* [ASSIGNMENT] The required output is the exact text of the lines from the line containing "Cenne des graoom" through the final line below, inclusive, without pictures.

* [THE DATA]
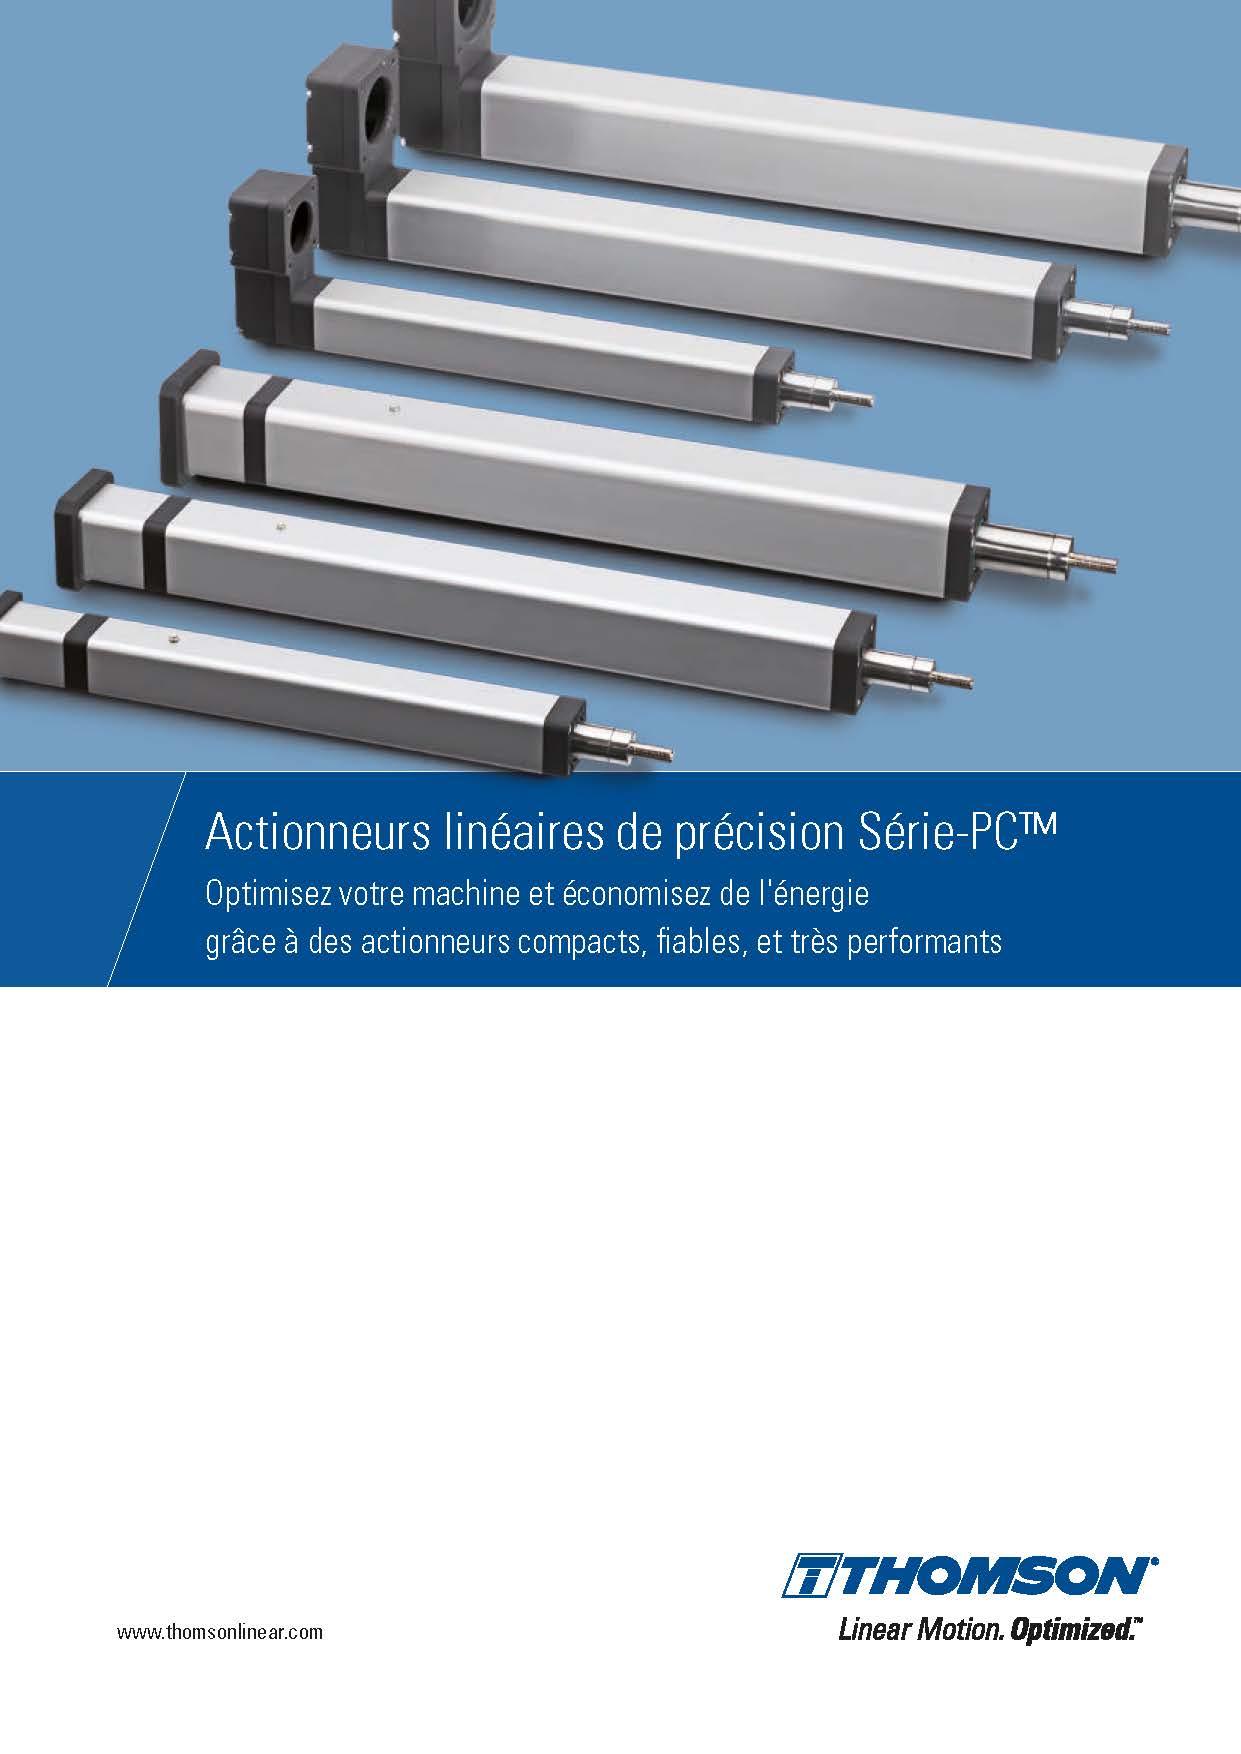 Thomson Actionneures lineaires de precision Serie PC Catalogue FR
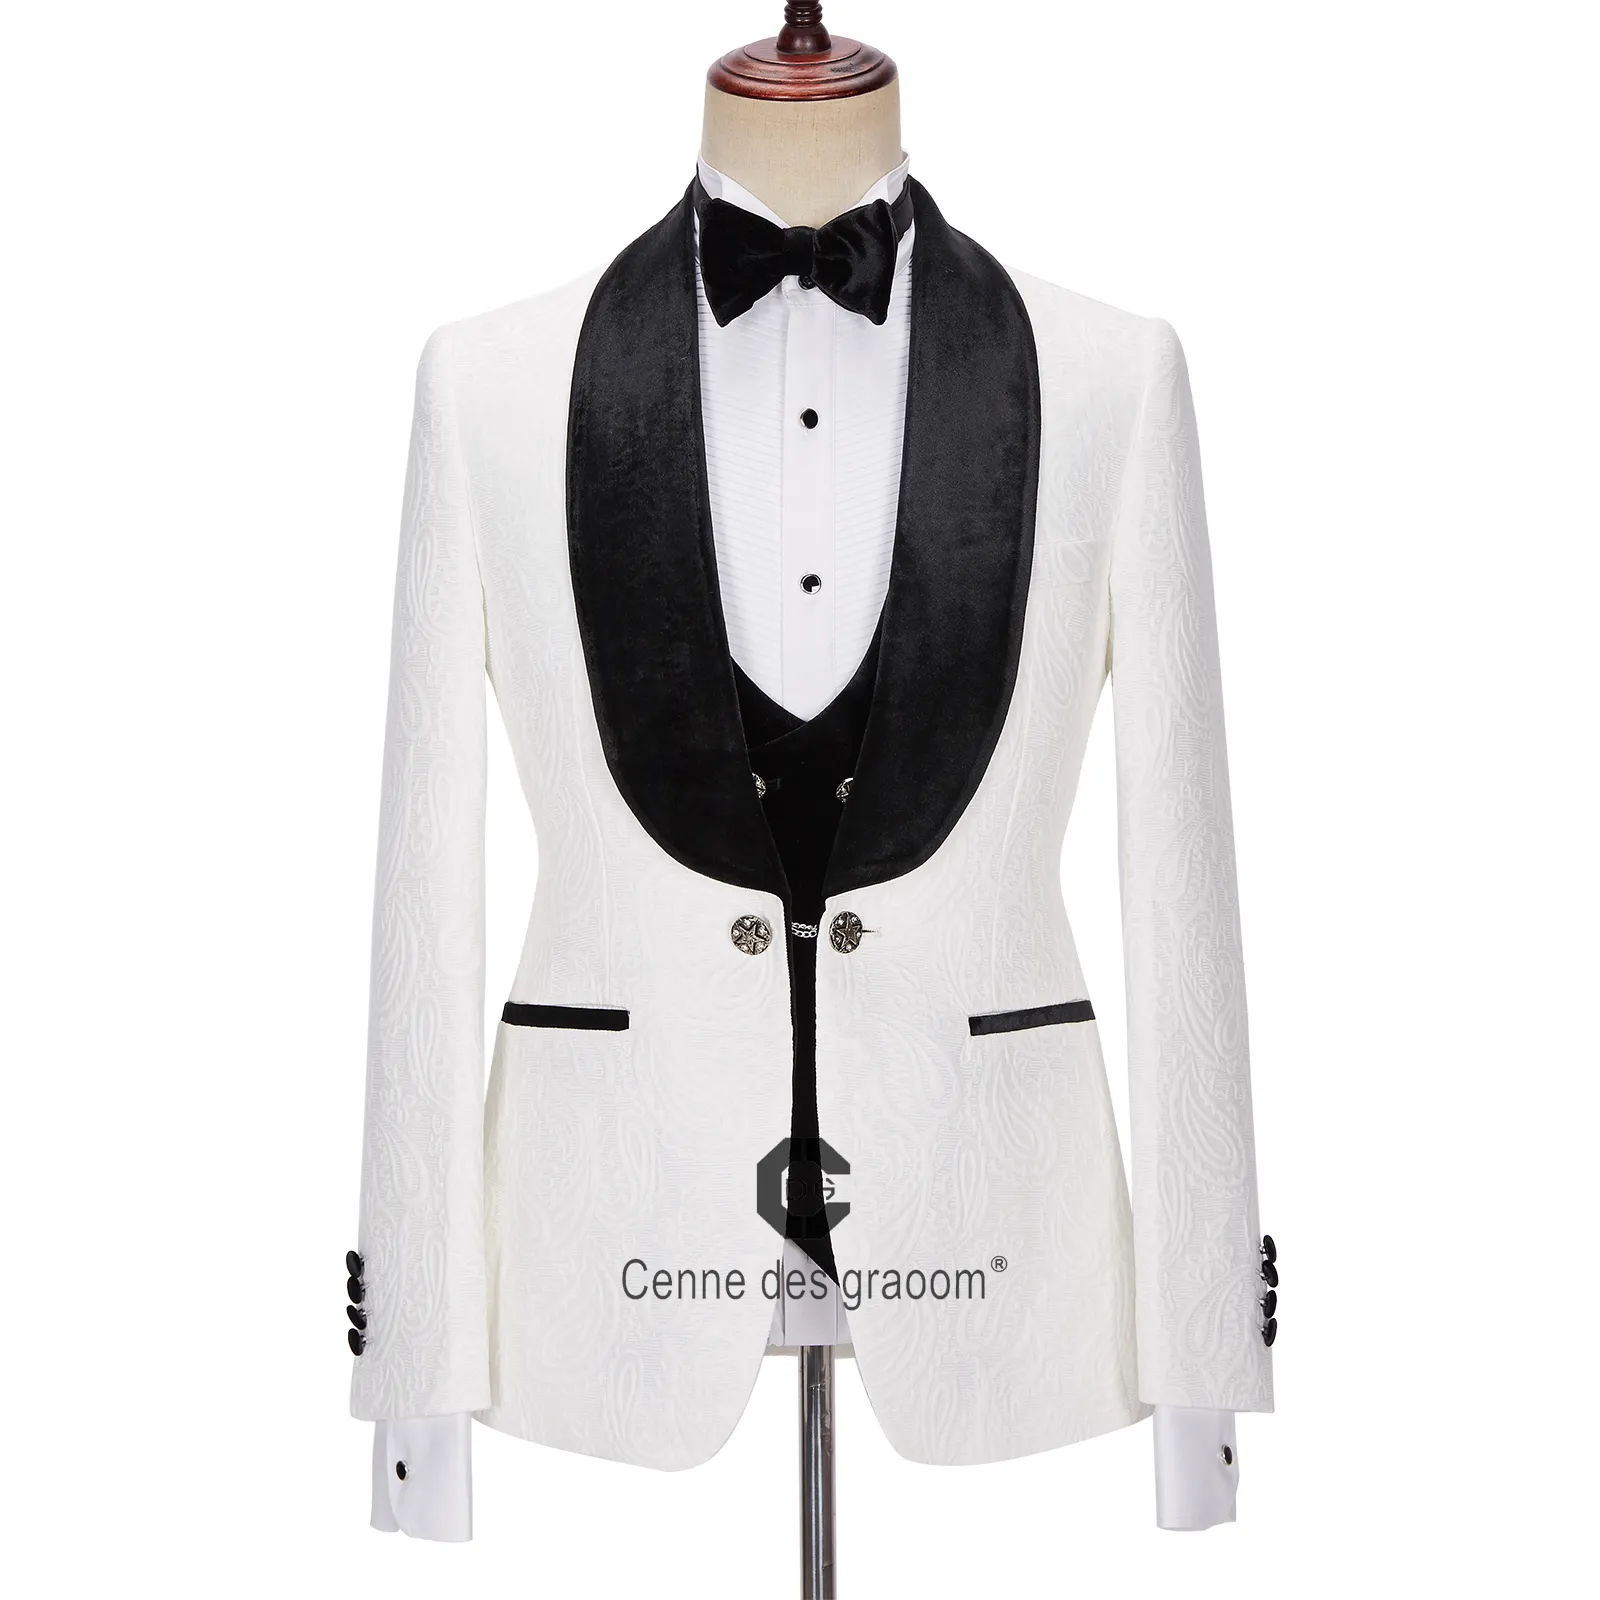 Cenne des graoom Slim Fit Suit Black Wedding Suit Blazer Jacket pant coat design men wedding suits pictures Tuxedo
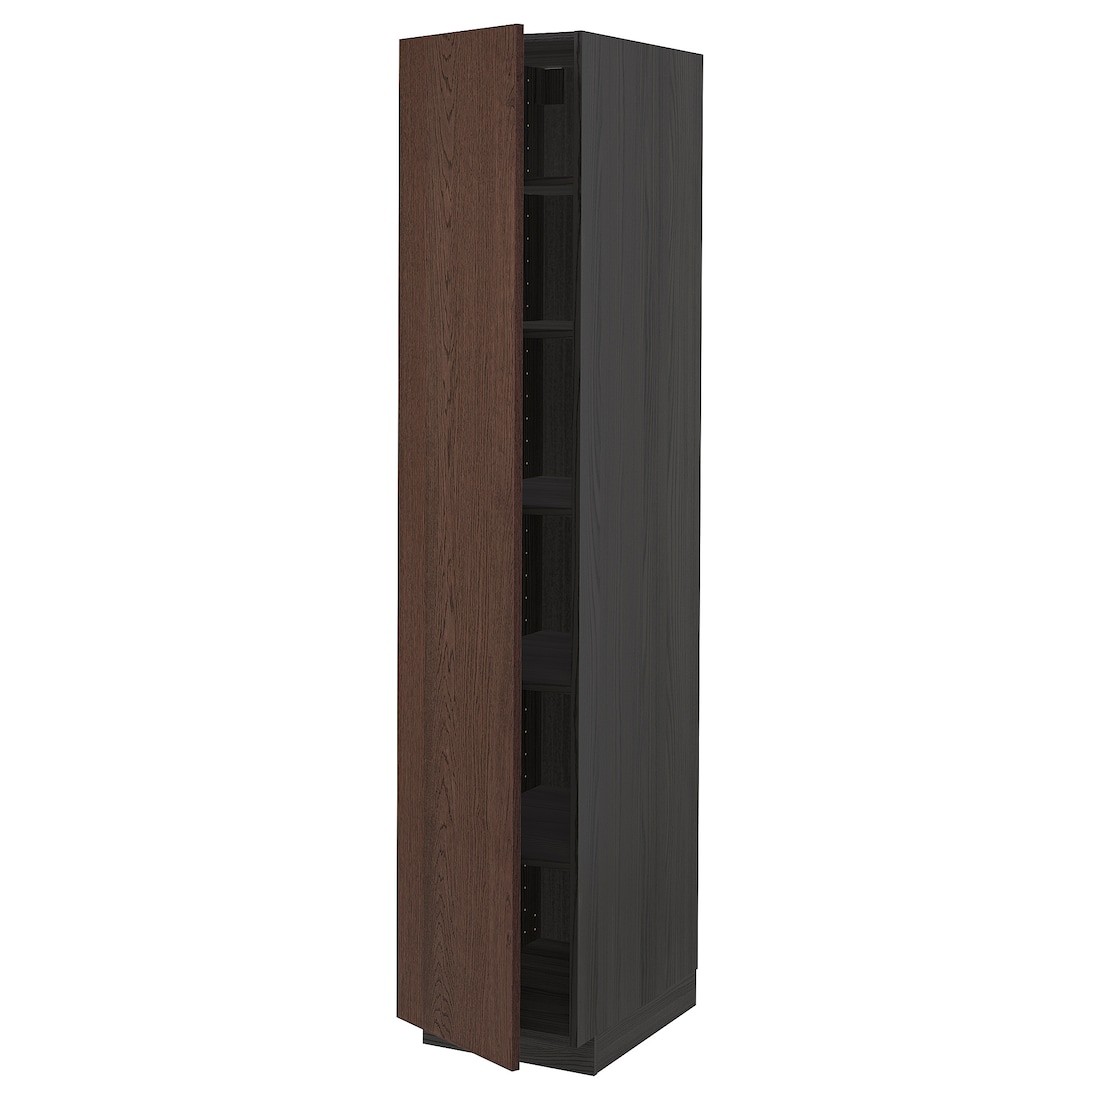 METOD МЕТОД Высокий шкаф с полками, черный / Sinarp коричневый, 40x60x200 см
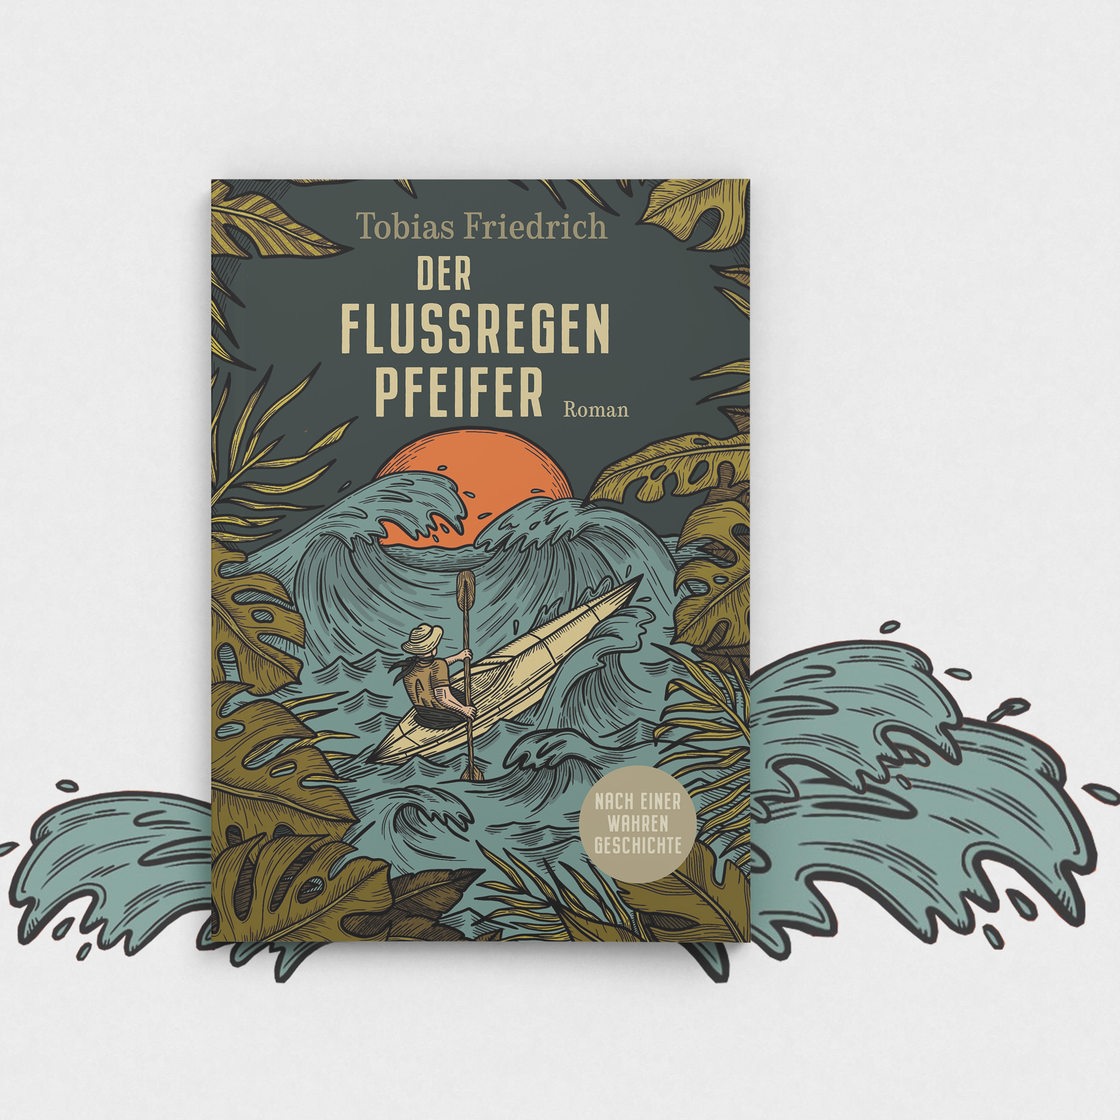 Buchcover Tobias Friedrich, "Der Flussregenpfeifer"

* [RESPONSE TO THE TASK]
 Cenne des graoom Slim Fit Suit Black Wedding Suit Blazer Jacket pant coat design men wedding suits pictures Tuxedo
 METOD МЕТОД Высокий шкаф с полками, черный / Sinarp коричневый, 40x60x200 см
 Buchcover Tobias Friedrich, "Der Flussregenpfeifer"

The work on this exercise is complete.